Link komunikasi dipertahankan utuh selalu. Unit penyelamatan diinformasikan
langsung untuk melaksanakan operasi penyelamatan.

Dengan demikian, sistem ini berfungsi sebagai alternatif untuk melacak

Y. Okwnura, "Lapangan Kekuatan dan Variabilitas dalam UHF dan VHF Land Mobile Radio
Service", Rev. Elec. Commun.

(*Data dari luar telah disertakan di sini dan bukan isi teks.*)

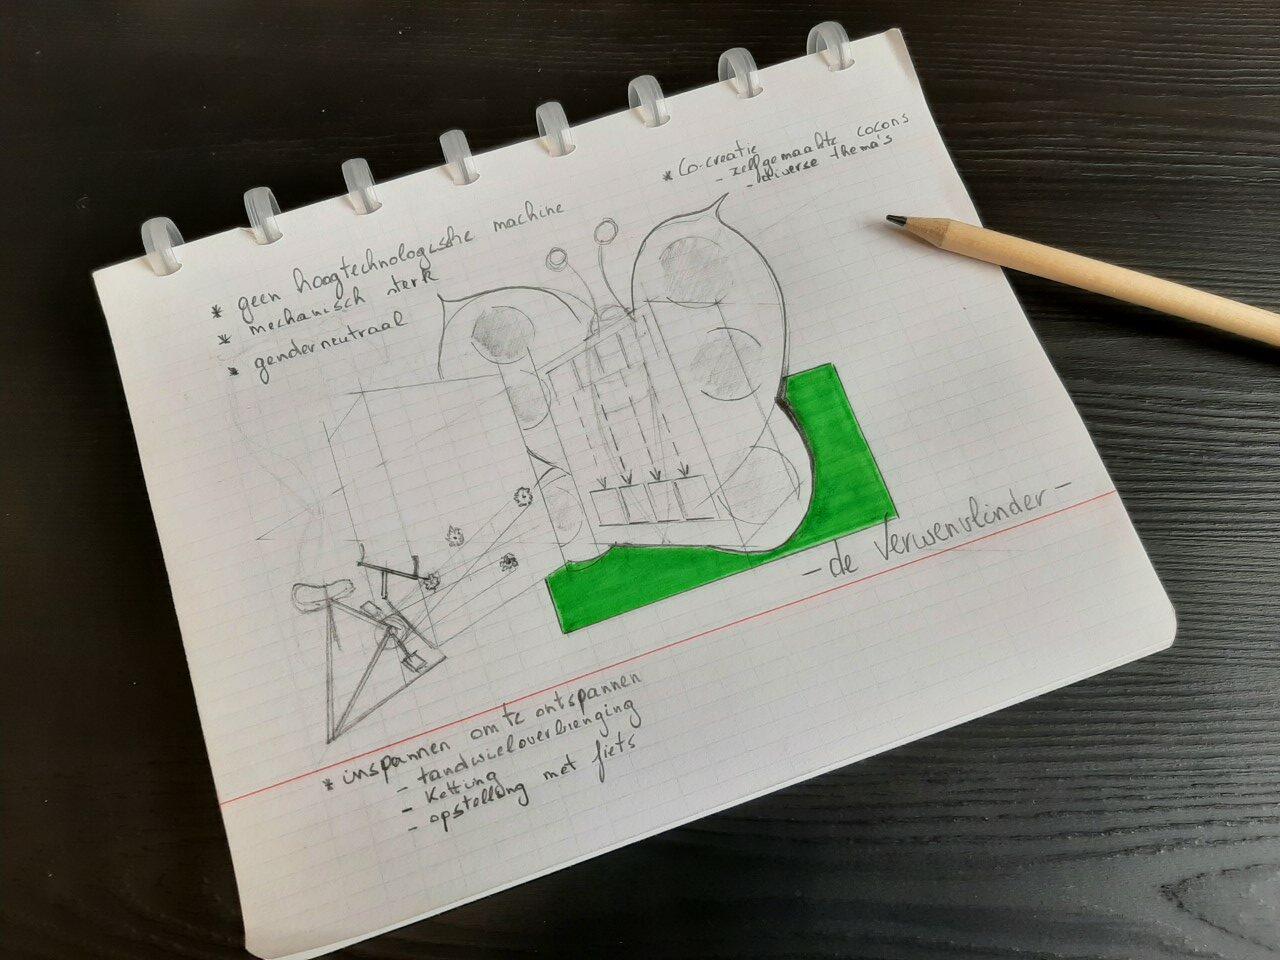 De eerste technische schets van de Verwenvlinder door het secundair onderwijs

Laboratorium., Vol. 16, pp.825 -873
1968

[8]

G.Derekenaris,

J.Garofalakis,

C.Makris,

J.Prentzas,

S.Sioutas,

SEBUAH.

Tsakalidis,
"MengintegrasikanGIS, GPS dan GSM teknologi untuk
manajemen yang efektif dari ambulans ", Komputer, Lingkungan dan Perkotaan Sistem 25 (2001),
pp267-278.
[9]

Hassan I. Mathkour, "A berbasis GPS Ponsel Dinamis Layanan Locator System", Science Direct,
Terapan Computing dan Informatika 9 (2011), hlm 95-106.

[10]

Aly M. El-Naggar, "Meningkatkan akurasi titik posisi GPS dengan mengkonversi data frekuensi
tunggal data dual frekuensi", Alexandria Rekayasa Journal 50 (2011), hlm 237-243.

[11]

Y. Kawahara, H. Hosaka, dan K. Sakata, "sistem Positioning menggunakan PHS dan rambu
radio untuk
logistik,"
di Proceedings
dari IEEE
Konferensi Internasional tentang Otomasi dan Logistik (ICAL '08), hlm. 92-95, September
2008

Pesawat menggunakan metode konvensional dan juga dapat mengakibatkan


lokasi akurat dari pesawat jatuh.

VIII.

Kita

SEBUAHCKNOWLEDGEMENT

adalah berterimakasihuntuk kami

Kepala SekolahDr.HG

Chandrakanth dan pengelolaan Sambhram Institute of Technology, Bengaluru


untuk memberikan kesempatan seperti itu
untuk
memanfaatkan semua sumber daya yang diperlukan untuk proyek ini.